TheCorporateCounsel.net

October 1, 2008

Corp Fin’s New Exchange Act Compliance and Disclosure Interpretations

Last night, Corp Fin posted a series of new Compliance and Disclosure Interpretations replacing three sections of the Manual of Publicly Available Telephone Interpretations. The new Compliance and Disclosure Interpretations cover:

Exchange Act Sections

Exchange Act Rules

Exchange Act Forms

These Compliance and Disclosure Interpretations include many of the old Telephone Interpretations, as well as a number of new notable interpretations that answer some fundamental, recurring questions.

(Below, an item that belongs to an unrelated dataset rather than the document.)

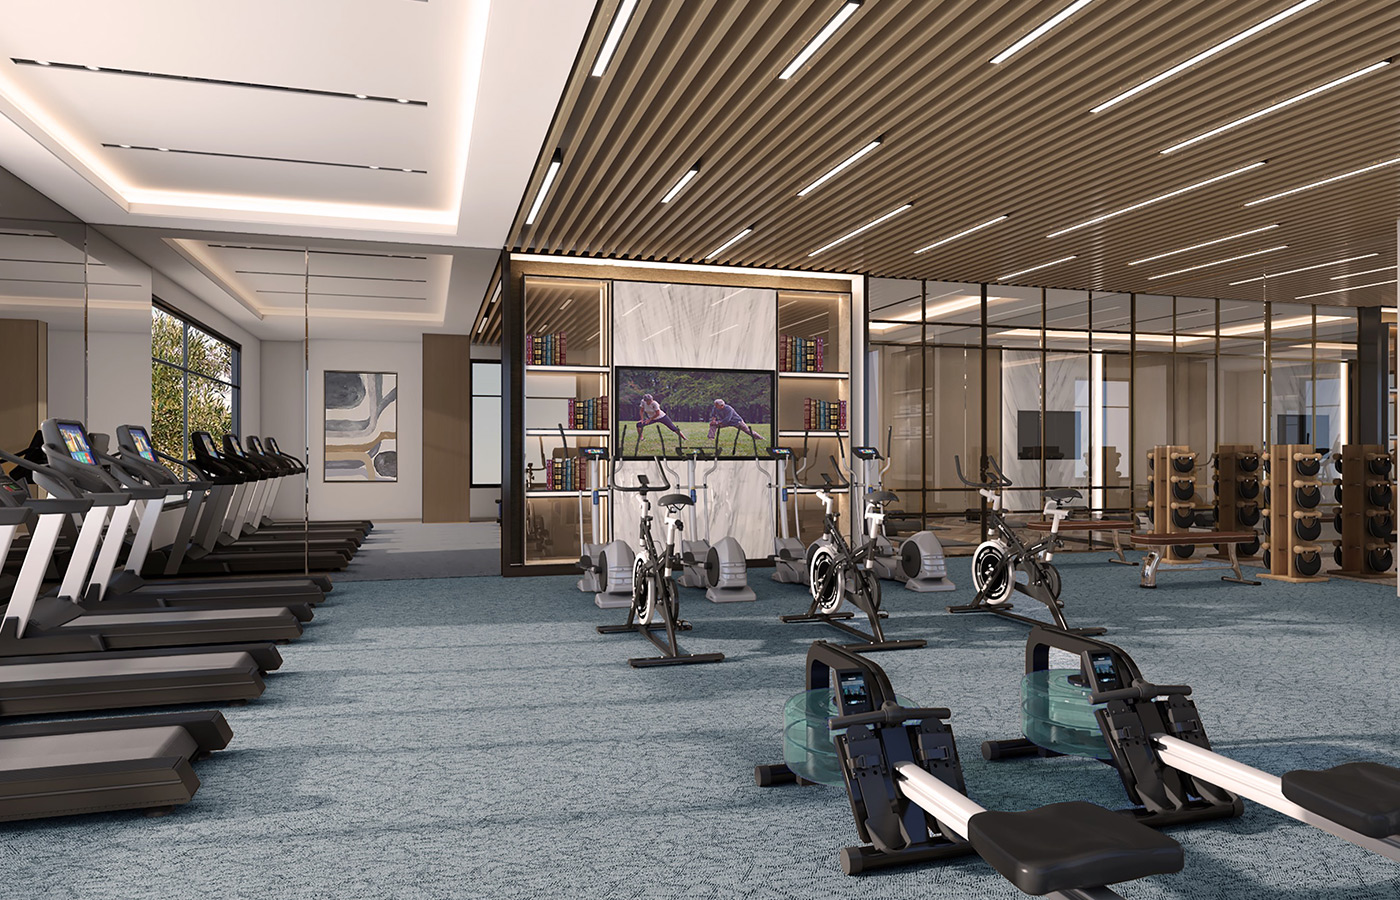 The fitness area at The Watermark at West Palm Beach.

For example, Question 130.02 of the Exchange Act Sections Compliance and Disclosure Interpretations notes that a delinquent filer must file all delinquent reports in order to be considered current in its Exchange Act reporting. Delinquent filers often ask the Staff if they can become current by filing the latest Form 10-K or some sort of consolidated “catch-up” filing, and now this interpretation makes clear that all missed reports must be filed. Further, Questions 116.04 through 116.06 of the Exchange Act Sections Compliance and Disclosure Interpretations address the issues around the automatic effectiveness of a Form 10, including the ability to withdraw the Form 10 in limited circumstances prior to effectiveness and the necessity of filing Exchange Act reports once the Form 10 is automatically effective, even if the Staff’s review of the Form 10 is ongoing.

In the Exchange Act Rules Compliance and Disclosure Interpretations, the Staff includes some detailed guidance on the ability of companies to use an effective Form S-3 during and after the Rule 12b-25 period, as well as some helpful guidance on delisting and deregistration mechanics. Further, following up on some helpful guidance in the Regulation S-K Compliance and Disclosure Interpretations posted over the Summer about correcting CEO/CFO certifications (see our discussion of those interpretations in the July-August 2008 issue of The Corporate Counsel) , the Staff has consolidated much of its guidance on CEO/CFO certifications in new Compliance and Disclosure Interpretations under Exchange Act Rule 13a-14.

Fair Value Accounting Guidance from the SEC and FASB Staff

In the face of intense lobbying calling for the suspension of fair value accounting, the SEC’s Office of Chief Accountant and the FASB Staff issued a press release outlining a series of “clarifications” on fair value accounting.

The press release answers the following questions on the application of FAS 157:

1. Can management’s internal assumptions (e.g., expected cash flows) be used to measure fair value when relevant market evidence does not exist?

2. How should the use of “market” quotes (e.g., broker quotes or information from a pricing service) be considered when assessing the mix of information available to measure fair value?

3. Are transactions that are determined to be disorderly representative of fair value? When is a distressed (disorderly) sale indicative of fair value?

4. Can transactions in an inactive market affect fair value measurements?

5. What factors should be considered in determining whether an investment is other-than-temporarily impaired?

While the new Staff guidance is not inconsistent with what has been said before, it appears that the intent is to provide at least some flexibility for issuers to depart from market prices in certain circumstances, particularly when an active market does not exist.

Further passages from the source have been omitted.